- _Task brief_
Retype each line of the material below word for word; pictures stay out.

--- Data below Enclosed Below ---

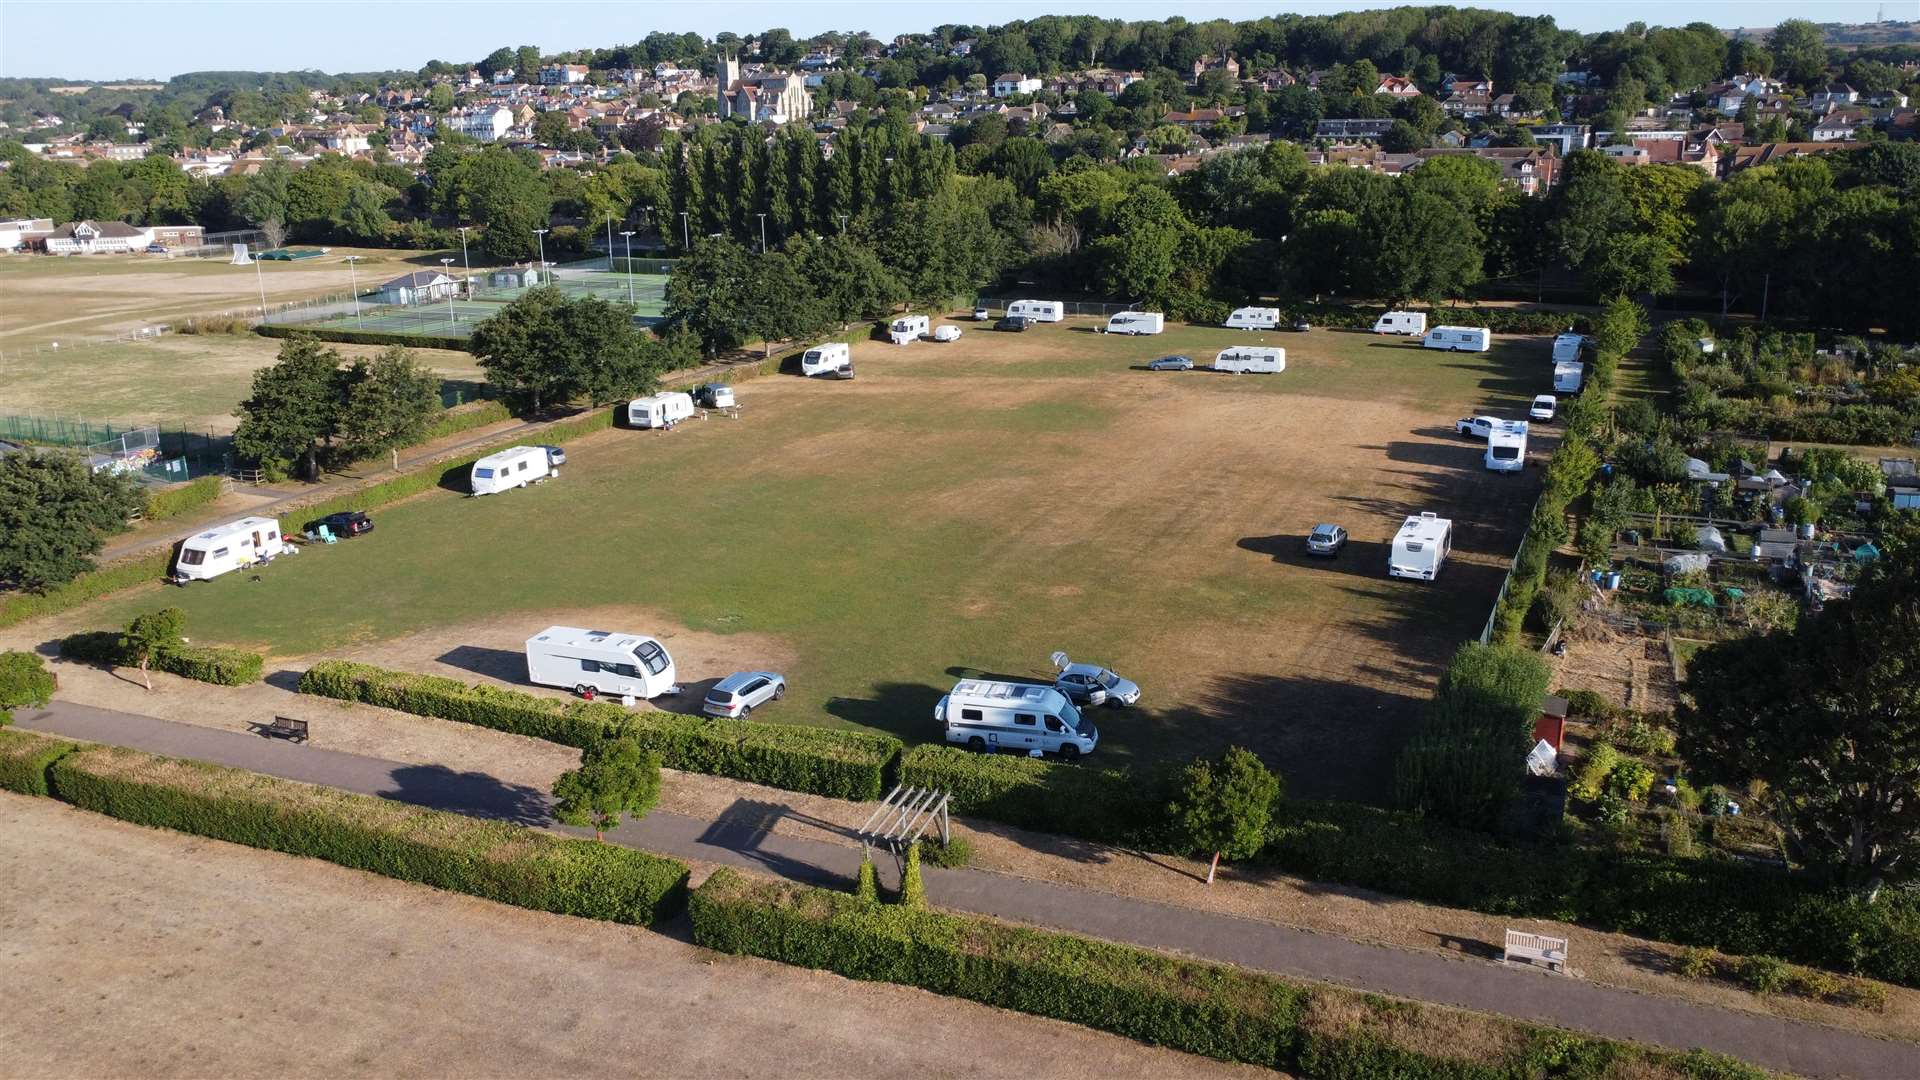 Travellers at the South Road recreation fields, Hythe Kent earlier this month. Picture: Barry Goodwin.
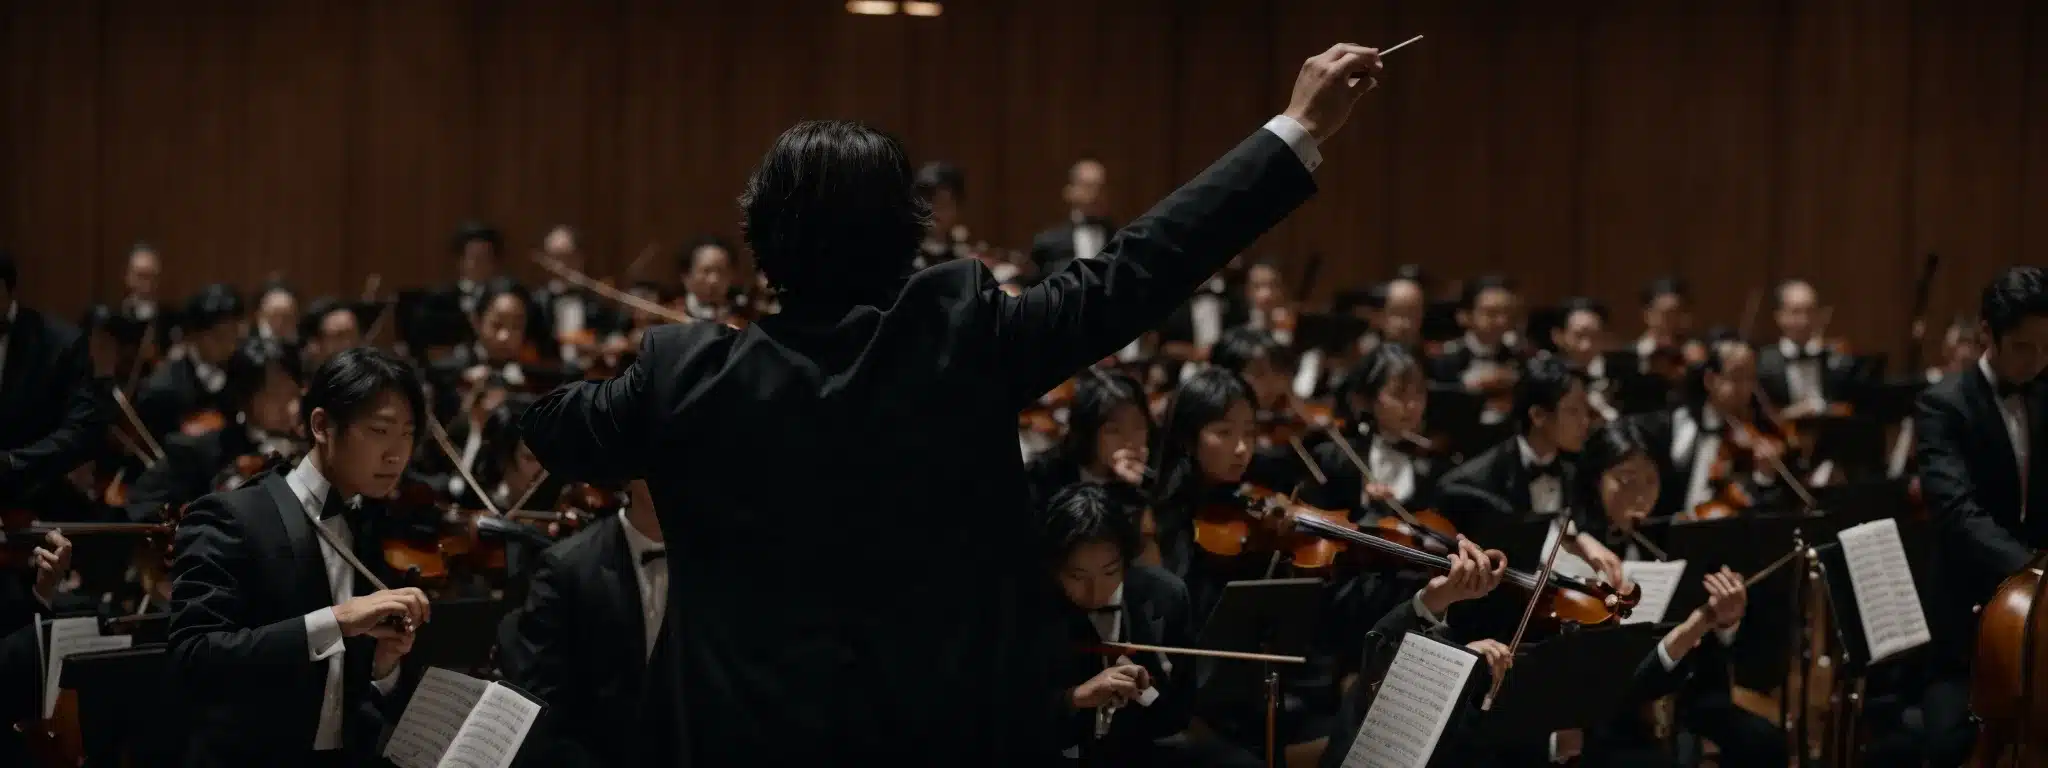 A Conductor Leading An Orchestra With Seamless Coordination And Focused Intensity.
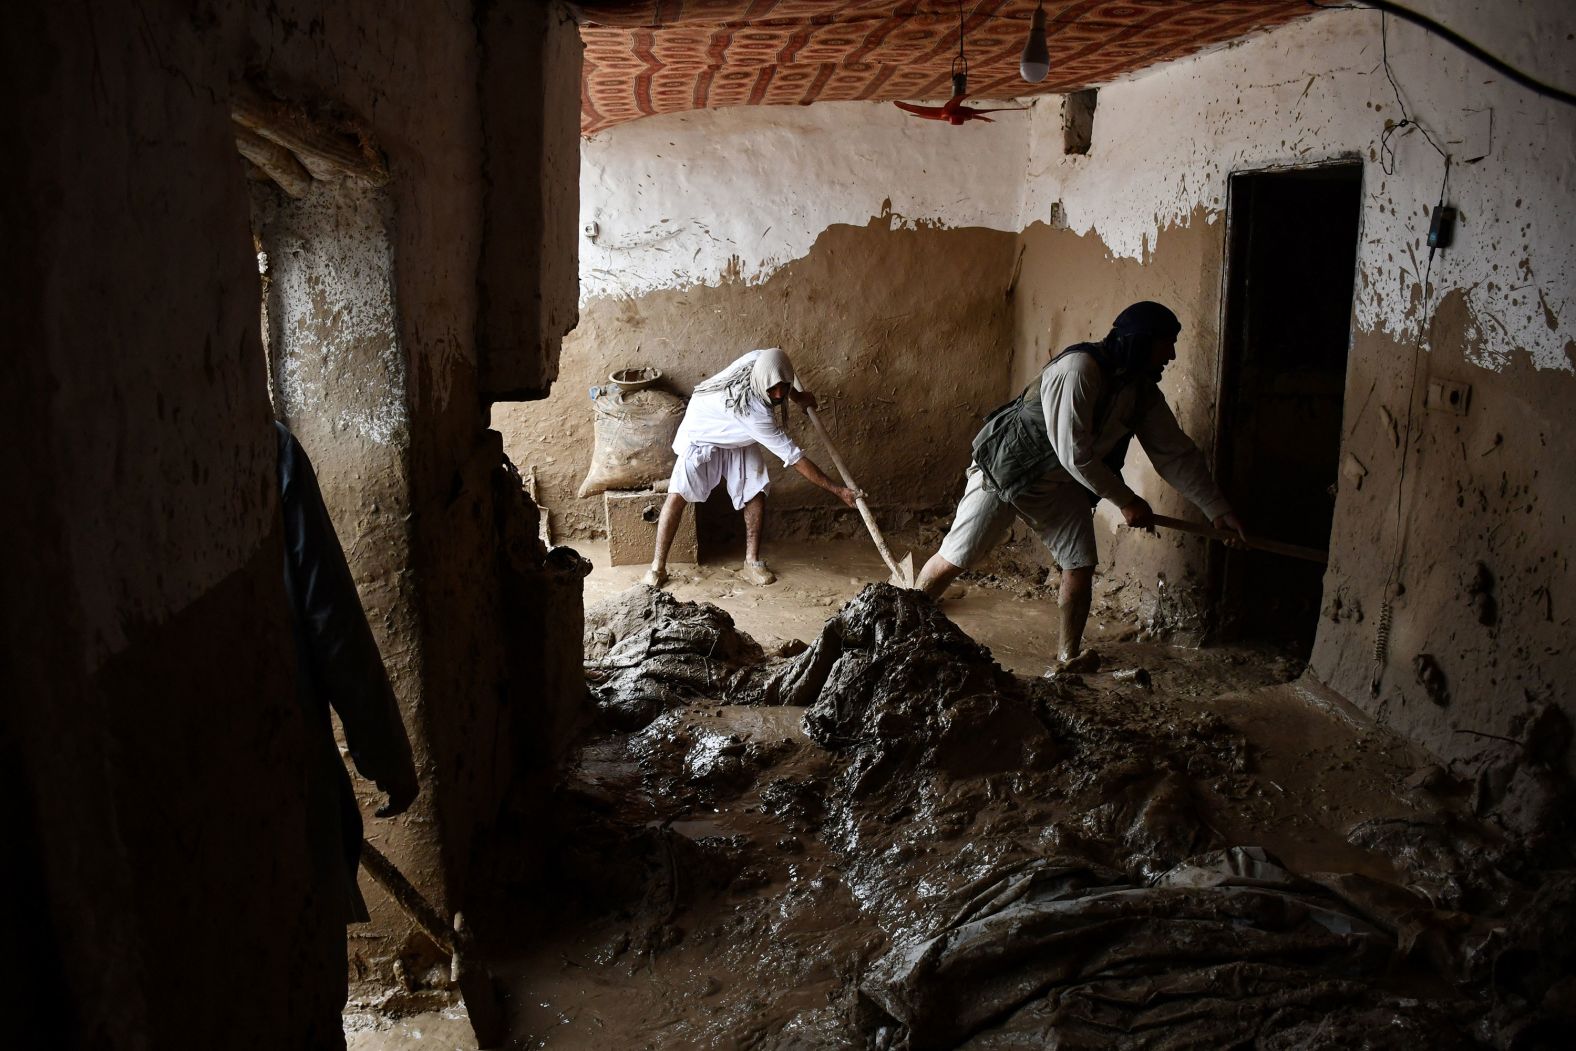 Men shovel mud from a house on Saturday, May 11, after flash floods in Afghanistan's Baghlan province. At least 300 people have died in <a href="index.php?page=&url=https%3A%2F%2Fwww.cnn.com%2F2024%2F05%2F11%2Fasia%2Fflash-floods-kill-hundreds-afghanistan-intl%2Findex.html" target="_blank">flash flooding</a> that has ravaged northern Afghanistan in recent days, the World Food Programme said on Sunday.
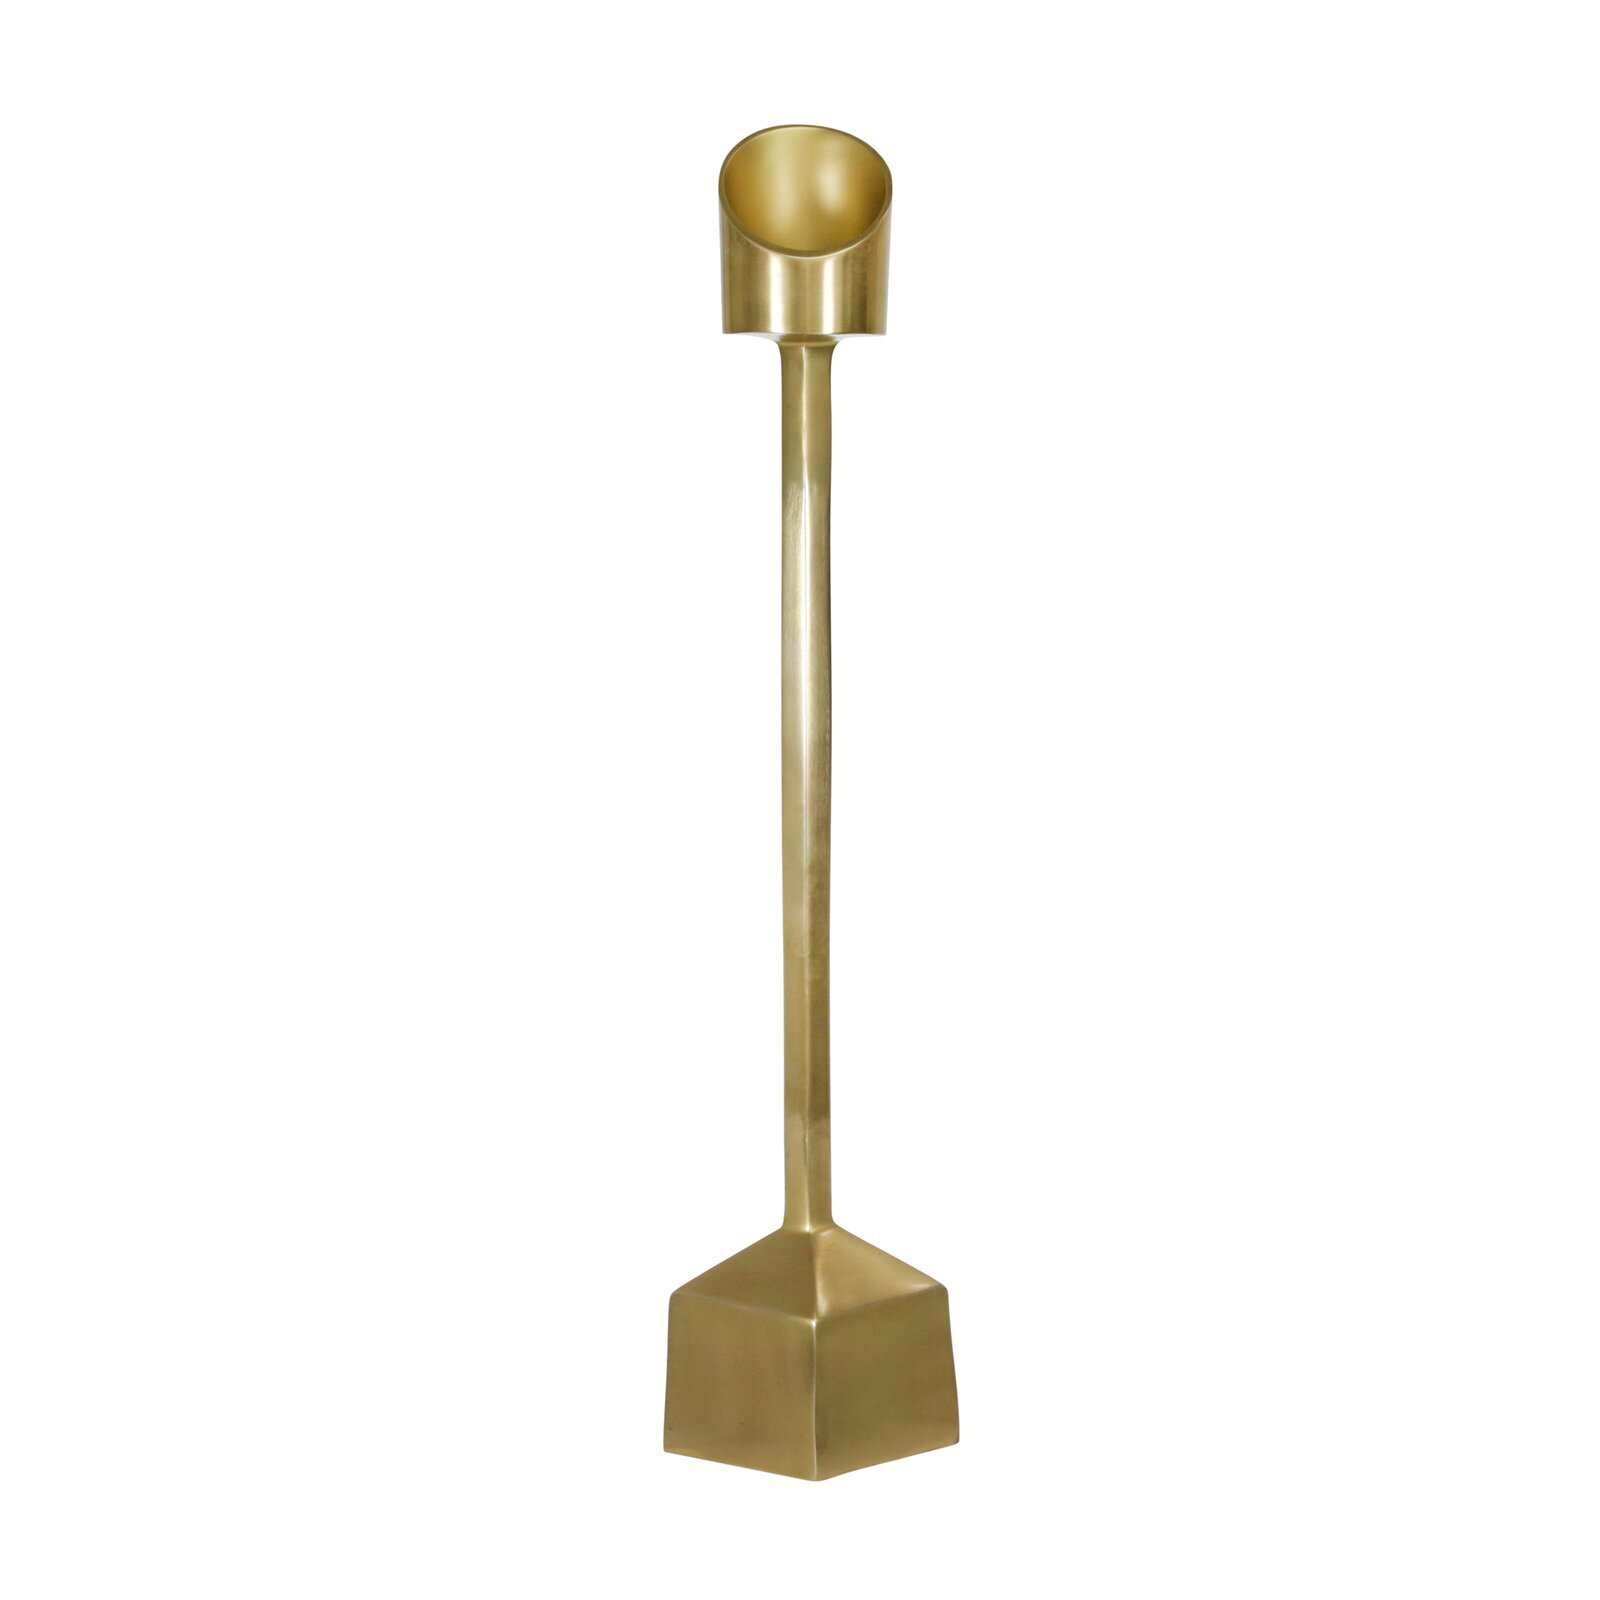 Floor standing candle holder in a golden finish

--- End of Enclosed Data below ---

- _Answer_
 Travellers at the South Road recreation fields, Hythe Kent earlier this month. Picture: Barry Goodwin.
 A Conductor Leading An Orchestra With Seamless Coordination And Focused Intensity.
 Men shovel mud from a house on Saturday, May 11, after flash floods in Afghanistan's Baghlan province. At least 300 people have died in <a href="index.php?page=&url=https%3A%2F%2Fwww.cnn.com%2F2024%2F05%2F11%2Fasia%2Fflash-floods-kill-hundreds-afghanistan-intl%2Findex.html" target="_blank">flash flooding</a> that has ravaged northern Afghanistan in recent days, the World Food Programme said on Sunday.
 Floor standing candle holder in a golden finish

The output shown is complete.